The case for free college is simple enough: higher education should be for the many, not the few. In the U.S., today's eye-watering costs prevent that from being the case. Sanders called it "a national disgrace" that many Americans don't attend college "not because they are unqualified, but because they cannot afford it." Counterintuitive though it might seem, a desire to broaden access and increase the number of young Brits in college was exactly why the U.K. opted for the opposite course from the one Sanders is proposing.
Before the introduction of tuition fees, government resources could not keep up with increased demand for university education. Per-student funding dropped by 40 percent in the last two decades of the tuition-free system. In order to keep costs under control, the government spent less per student and rationed the number of spots available. But costs continued to balloon. What's worse, students from better-off backgrounds were more likely to grab one of the limited number of spots, so it was students from poor backgrounds who suffered, with the gap in degree attainment between rich and poor widening.
Britain faced a choice: an elitist university system in which the state subsidized the education of a select few who managed to perform well on high-stakes tests, or giving many more people the opportunity to earn a university degree by shifting part of the financial burden from the state to the individual; it opted for the latter.
Today, students pick up the bill for, on average, around 65 percent of the cost of the education they receive, with taxpayers plugging the gap. More students are enrolled than ever before and those students benefit from more per-student funding than the generations that paid nothing for college.
Democratic presidential hopefuls say they want to get more students from poor backgrounds enrolled in college. In the U.K., the best way to do that was by charging, not by making college free. In the last decade, the number of 18-year-olds from "low participation"––poor––neighborhoods going to college has increased by 75 percent. And over that period of time, funding per student has risen by a quarter. There have never been more young Brits who qualify for free school meals going to college.
As in America, the question of how to fund higher education in Britain is far from settled. Jeremy Corbyn, the leader of the left-wing Labour Party, backed the abolition of tuition fees at the last election. A recent government review of the system proposed a series of modest reforms to address concerns over the current system. One concern centers around the affordability of the current system, given that the government can't know with any certainty how much of the tab it will have to pick up. A report published earlier this year by the London-based conservative think tank Onward forecast that just 17 percent of graduates will fully pay back their loans.
There are persuasive principled objections to taxpayer-funded college. If the individual accrues the lion's share of the benefits of a college degree, why shouldn't he or she bear the cost? Asking taxpayers to fund universal free tuition means asking, for example, a farm worker who earns the minimum wage to pay for the education of a student from a wealthy household en route to a high-flying career in law or finance. You don't need to be an avowed free marketeer to see the problem here; none other than Karl Marx raised a similar objection when he said "If higher education institutions are also free that only means in fact defraying the cost of education of the bourgeoisie from the general tax receipts."

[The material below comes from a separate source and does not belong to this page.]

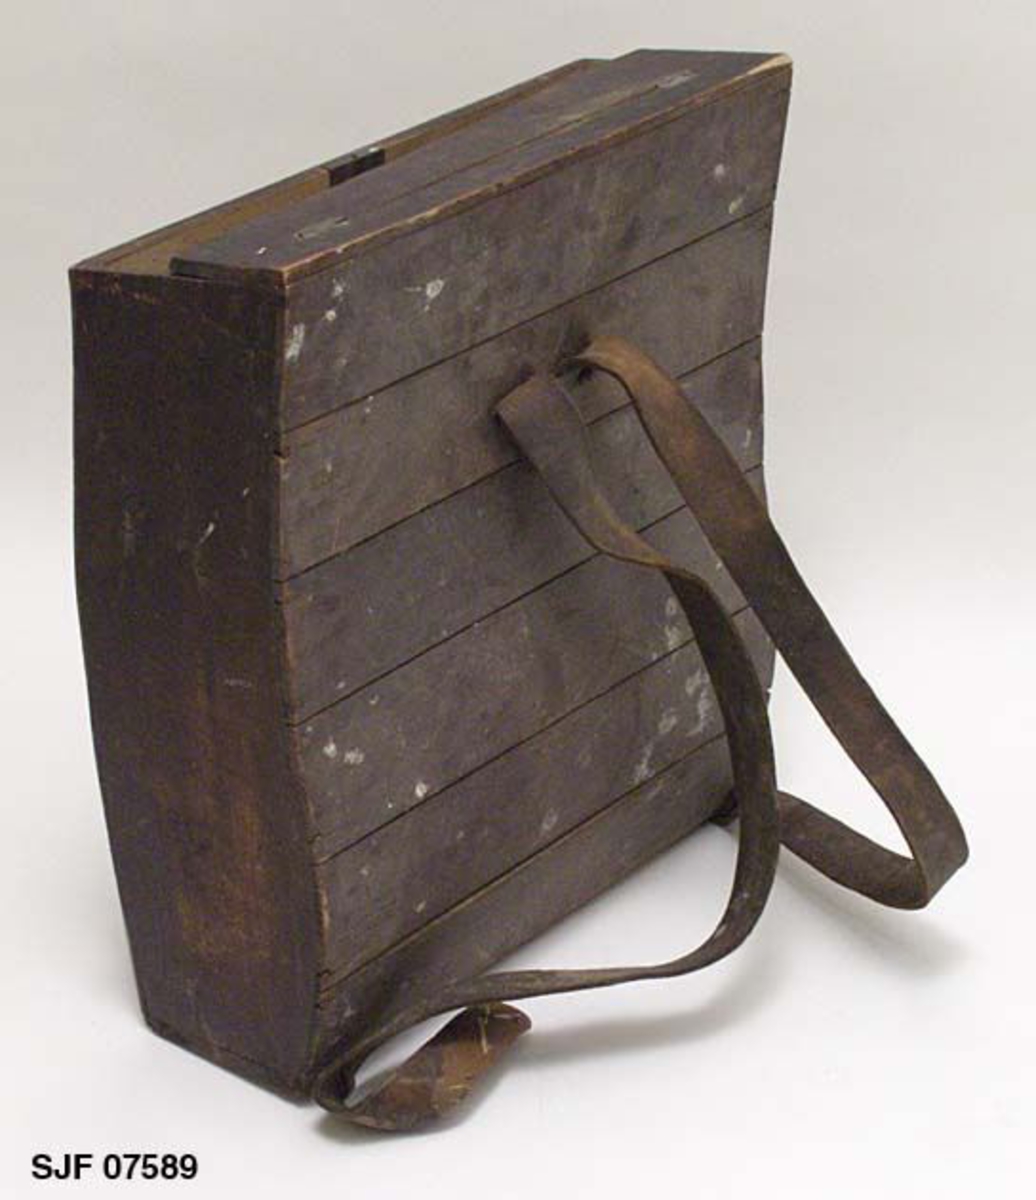 Form: Kasse med buet rygg og front
Bærekonten har et defekt lokk som var låsbart den tid den var i orden.

But let's assume that those problems aren't fatal to the case for free college. The problem for the likes of Sanders and Warren is that they cannot escape the affordability dilemma that makes it very hard for free college to live up to its promise. Either other public spending priorities face the squeeze to fund universities, or the number of spots available at publicly funded schools must be capped.
In other words, students paying their own way need not be a barrier to achieving the stated aims of the tuition abolitionists. Sanders and Warren use "free education" and "universal education" interchangeably. The U.K. story is a reminder that that often those aspirations aren't complimentary, but contradictory.